India Song at No’Photo 2021 Geneva Photo Biennale

No’Photo 2021
Geneva Photo Biennale
25 September – 10 October 2021

This year’s exhibition entitled Animalities is proposed by Irène Attinger (former head) of the library of the Maison Européenne de la Photographie in Paris, and curator and Jörg Brockmann (director of the Espace) JB Gallery and co-founder of the Espace JB Association. On the occasion of No’Photo 2021, Arcoop Wall Project (AWP) for its second edition will take over the premises of the Arcoop cooperative, a five story historic industrial building showcasing the works of twenty photographers including Karen Knorr.
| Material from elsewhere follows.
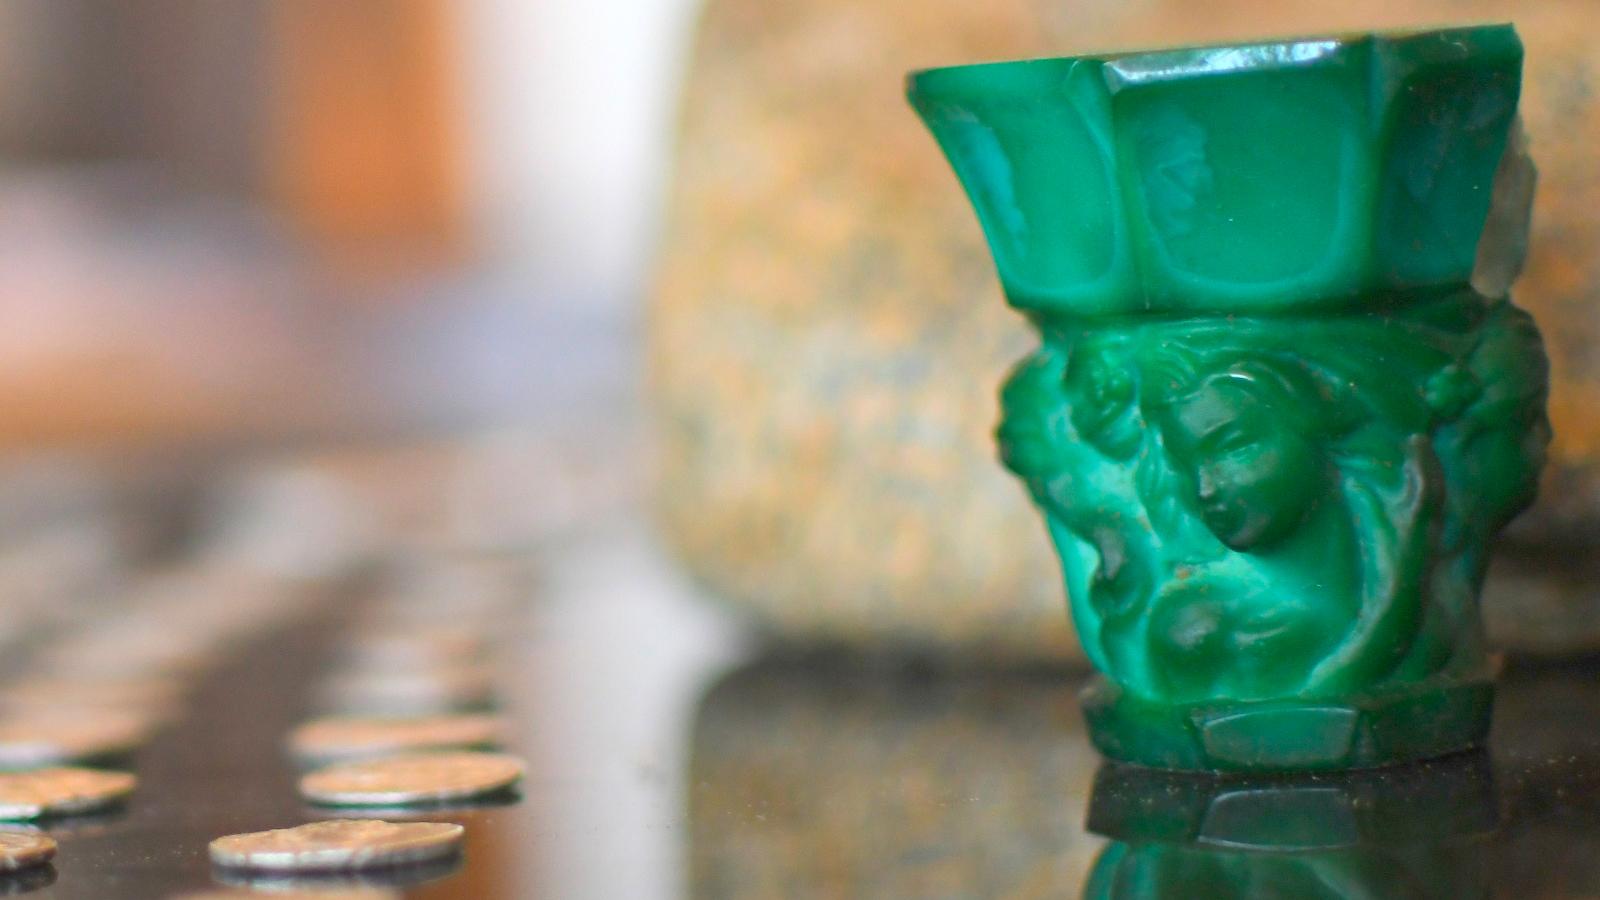 Les autorités israéliennes ont récupéré un trésor d'artefacts archéologiques volés sur des sites de l'ancien Israël, de la Méditerranée, du Moyen-Orient, de l'Afrique et même de l'Amérique du Sud.  Les découvertes vont des pièces d'or aux statues de bronze en passant par les sarcophages égyptiens.

The 21st century, renewed reflection on the diversity of living beings has generalised the idea that man is not the centre of the world and that his existence is not the end of evolution. Ethology and cognitive science have shown that the existence of sometimes complex cultures is not specific to our species but is found in many other animals. The animals represented in the different series belong to all sorts of species, real, fantasized, metaphorical or even artificial beings. They are wild, bred or domesticated, free or captive. Alive exhibited they are prolific, rare, endangered. Dead they serve as food, trophies, decorative objects or fetishes. They are familiar, irritating, reassuring or worrying. The exhibition does not propose an answer to the questions raised by the relationship between man and other animals, but invites reflection and possibly contributes to the development of the visitor’s own opinion.

Karen Knorr’s series India Song focuses on the architectural splendour and caste culture of Rajasthan. The birds and mammals inserted into the photographs link the Ramayana culture of northern India with allegorical representations of femininity and masculinity by creating “visual” disturbances in the private rooms of the palaces. Using the artistic tools of the 21st century – the camera and the computer – she references ancient Rajasthani art forms and myths and reworks them into contemporary artworks.